Your output should be the lines from the one containing "Audio in R-AUDIO" through the end of the listing, exact and inclusive, with no pictures.

• _PROVIDED MATERIAL_
..............................

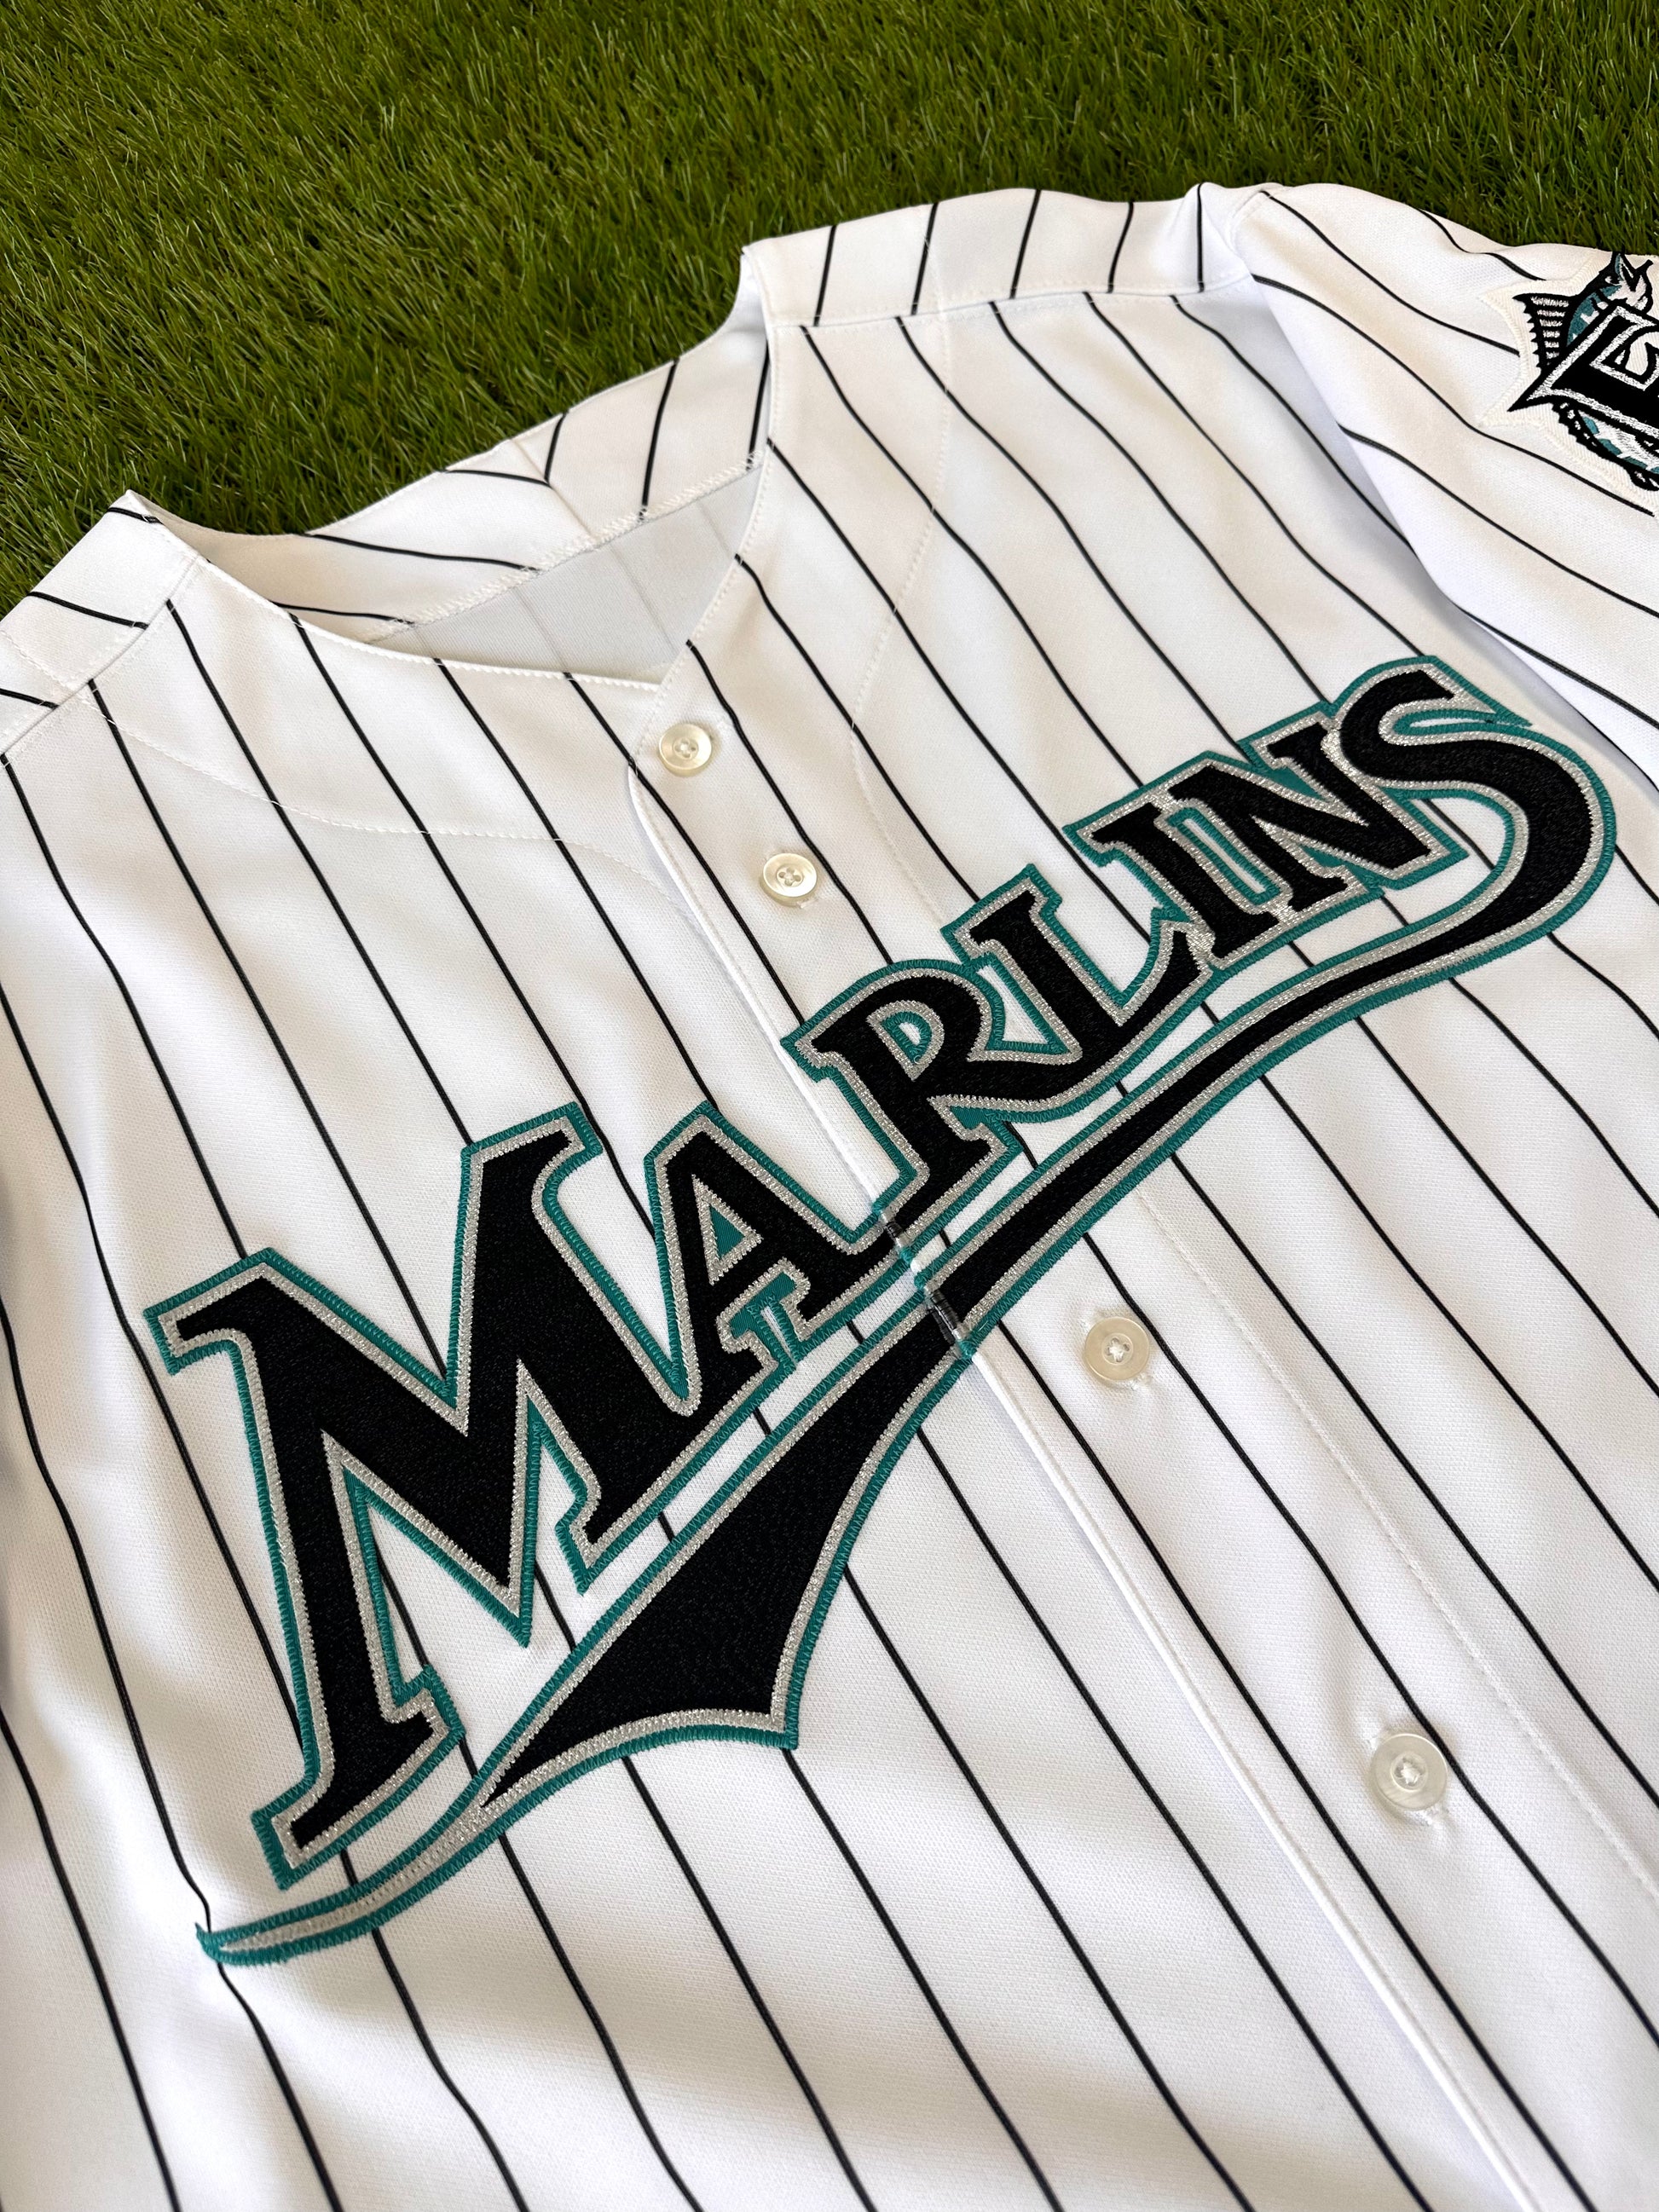 Florida Marlins MLB Fan Jerseys for sale
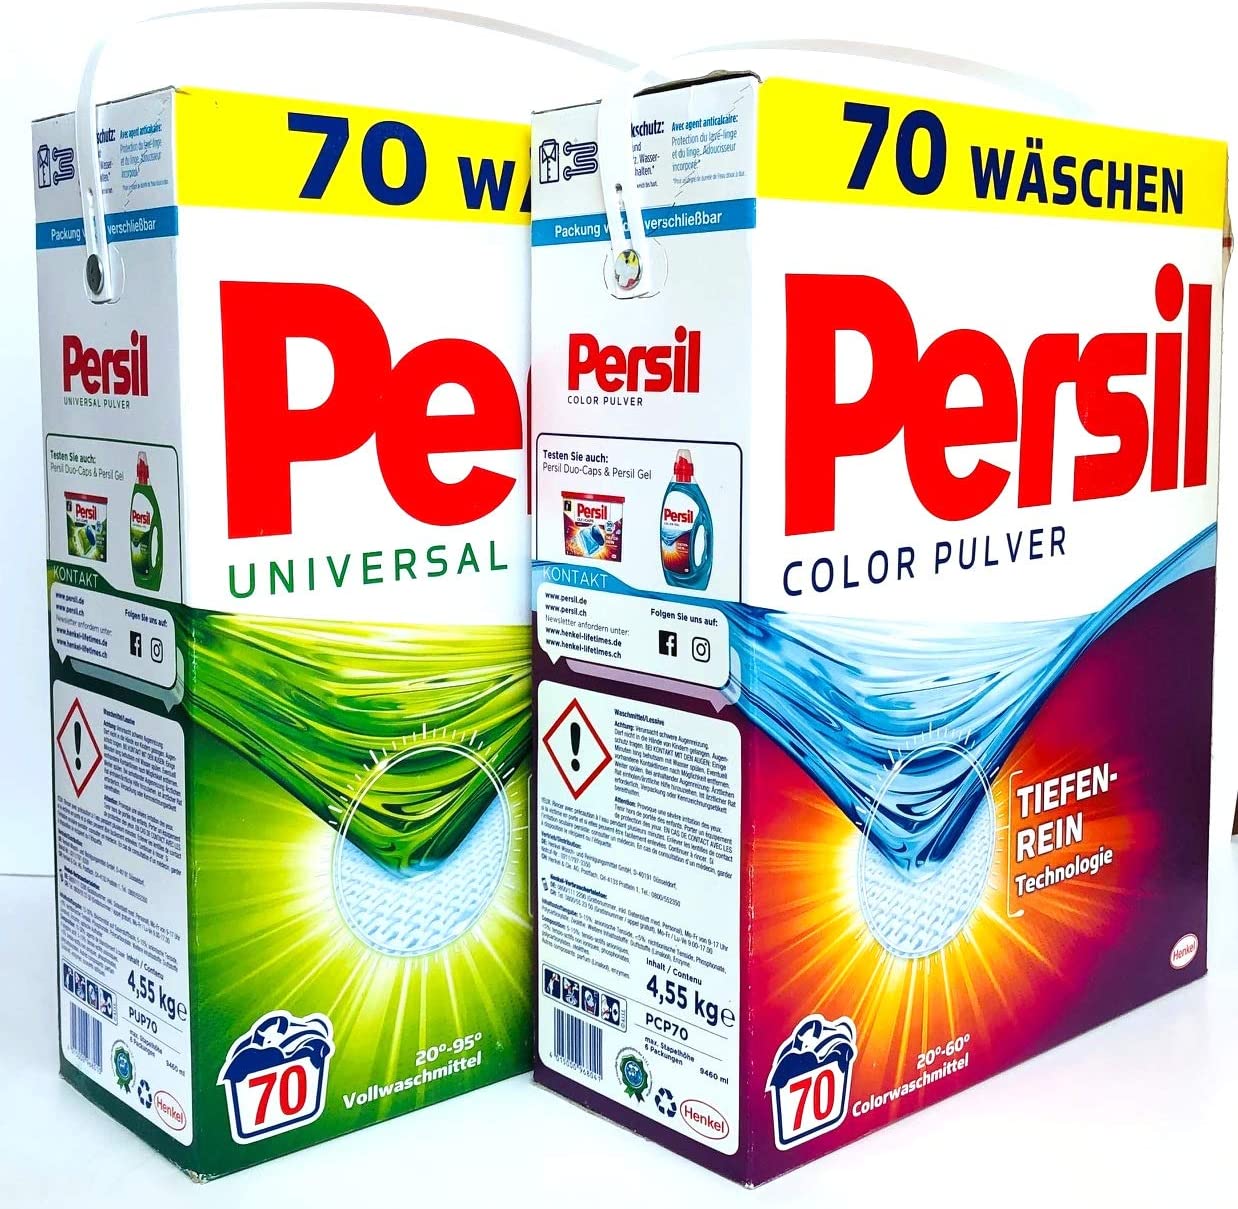 Persil Powder Combo Set Color & Universal (70 WL / 4.55 Kg Each)
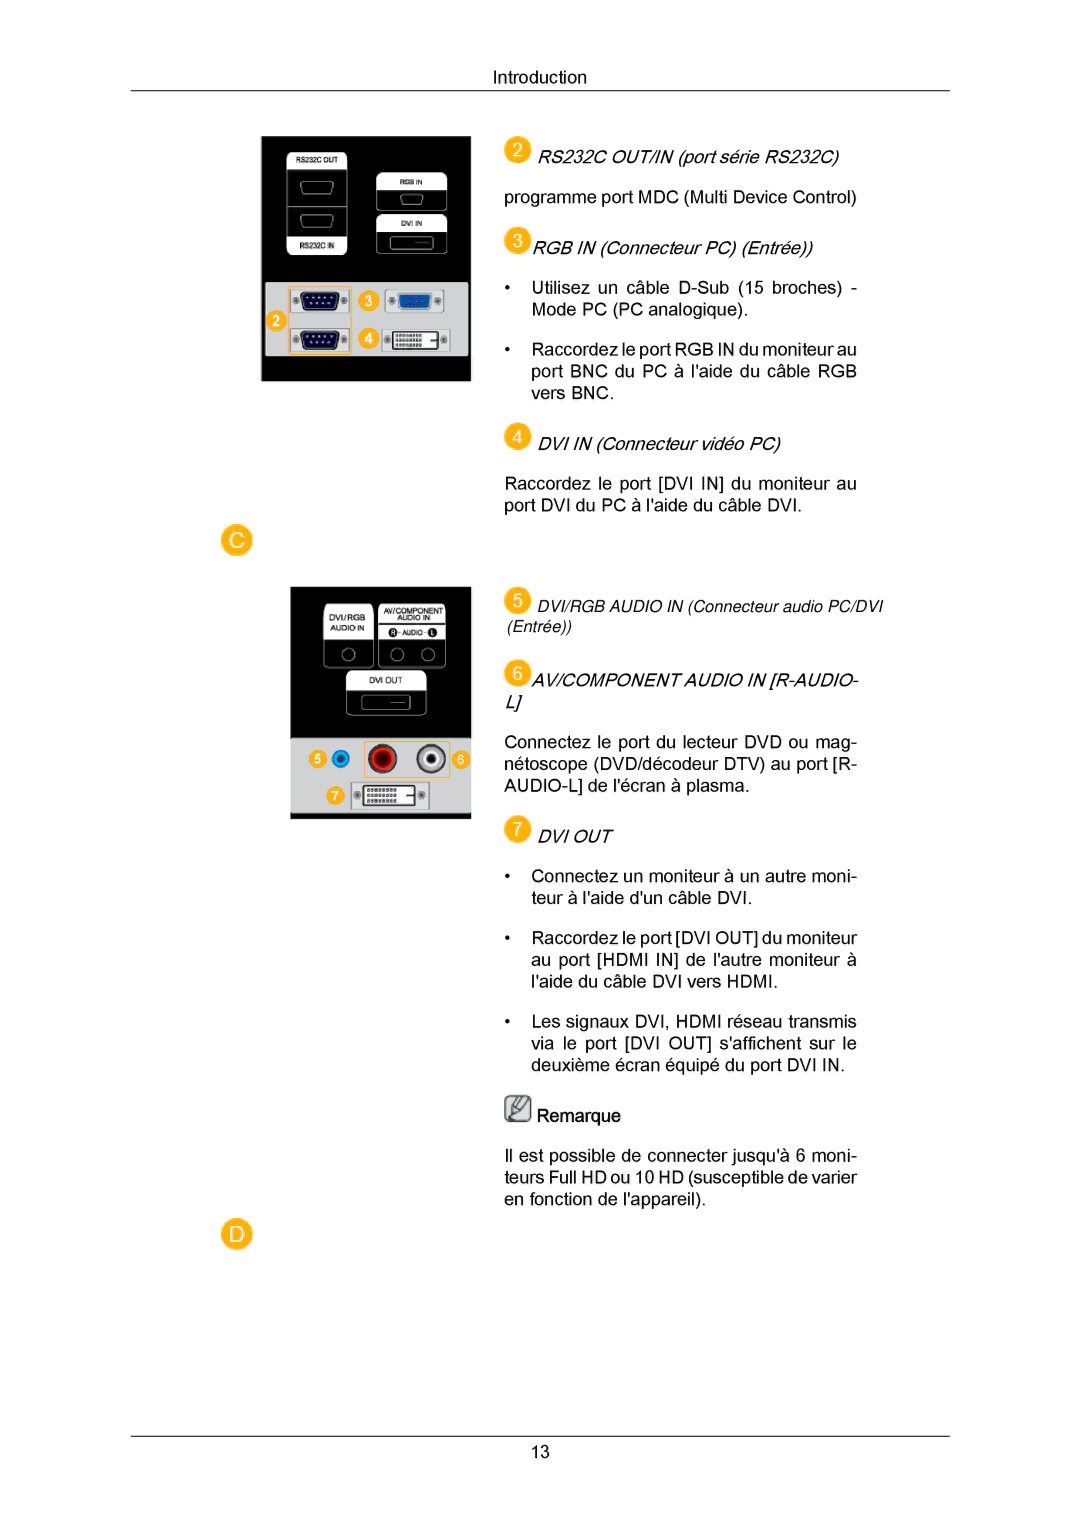 Samsung PH63KRFLBF/EN, PH63KRFLBX/EN, PH63KPFLBF/EN, PH50KRPLBF/EN, PH50KPPLBF/EN manual AV/COMPONENT Audio in R-AUDIO 
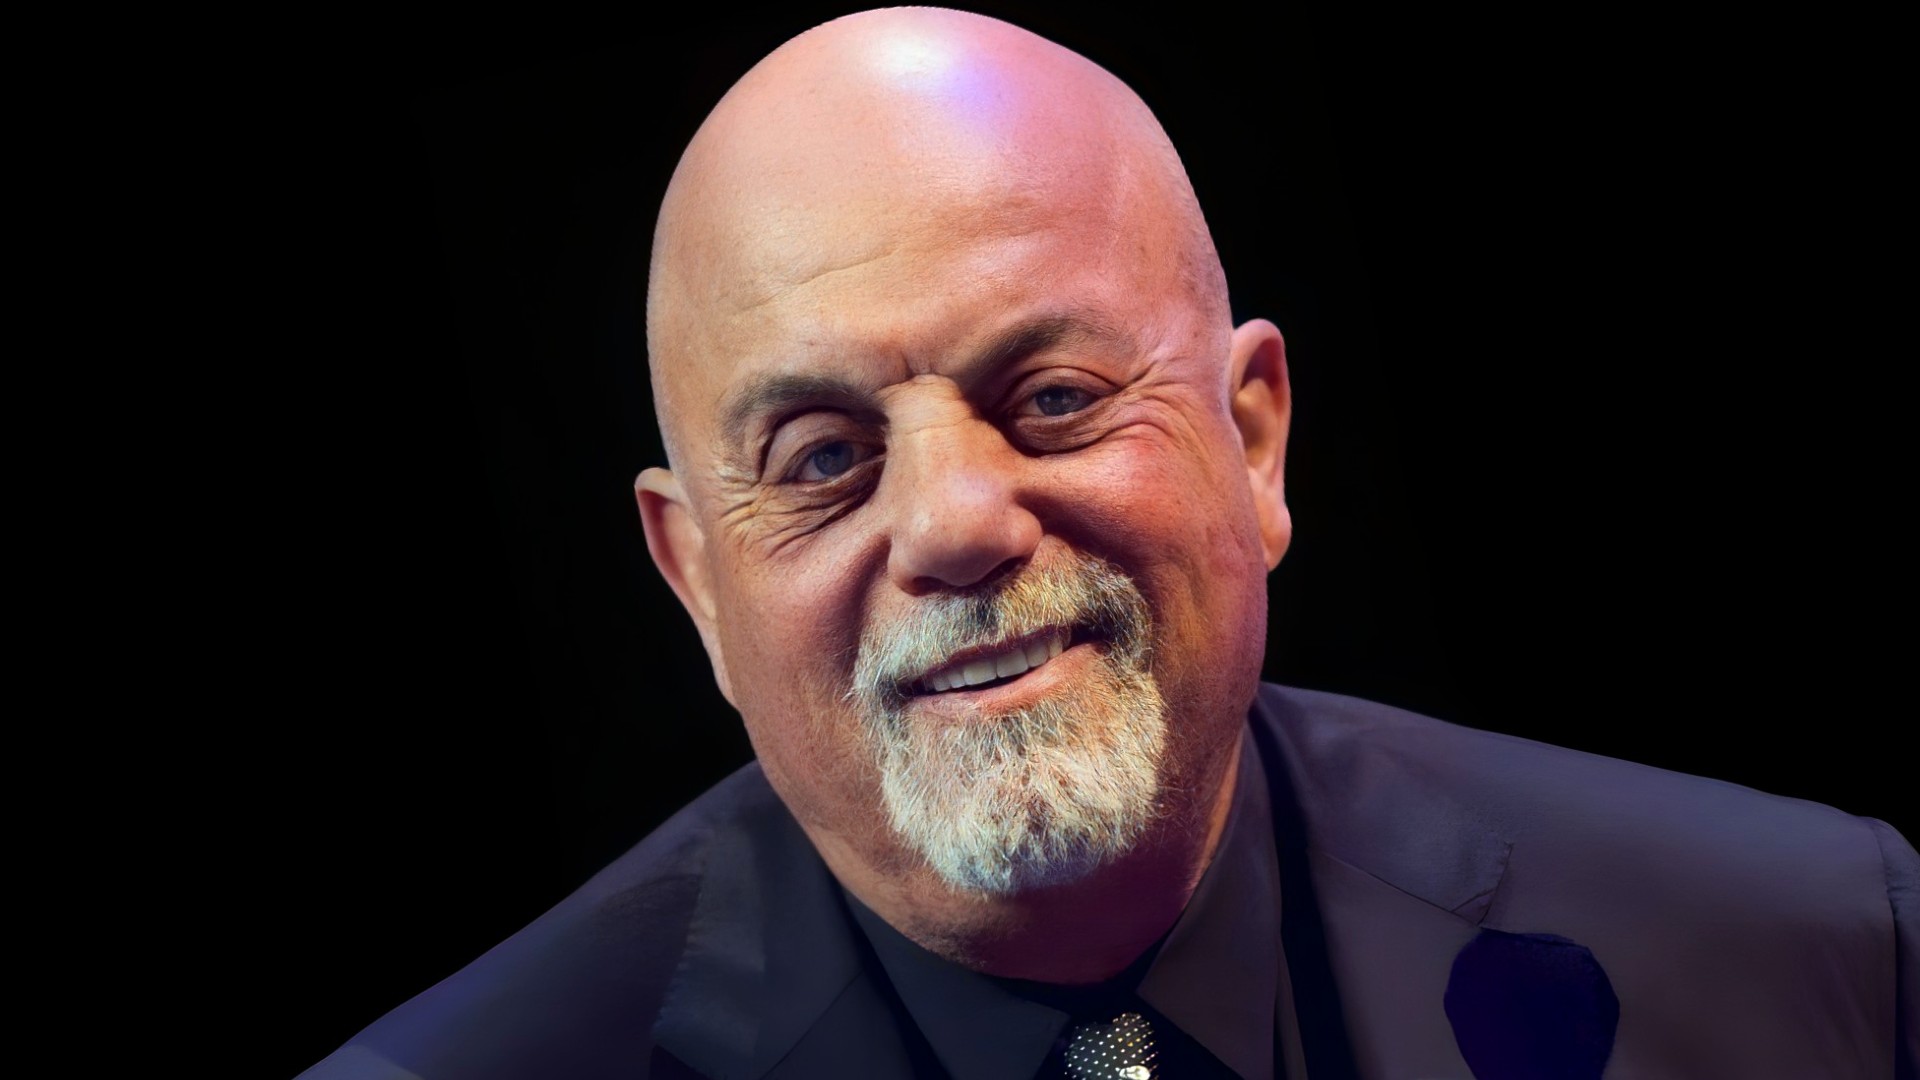 Has Billy Joel Undergone Plastic Surgery?

..............................

• _EXERCISE SOLUTION_
 Samsung PH63KRFLBF/EN, PH63KRFLBX/EN, PH63KPFLBF/EN, PH50KRPLBF/EN, PH50KPPLBF/EN manual AV/COMPONENT Audio in R-AUDIO 
 Has Billy Joel Undergone Plastic Surgery?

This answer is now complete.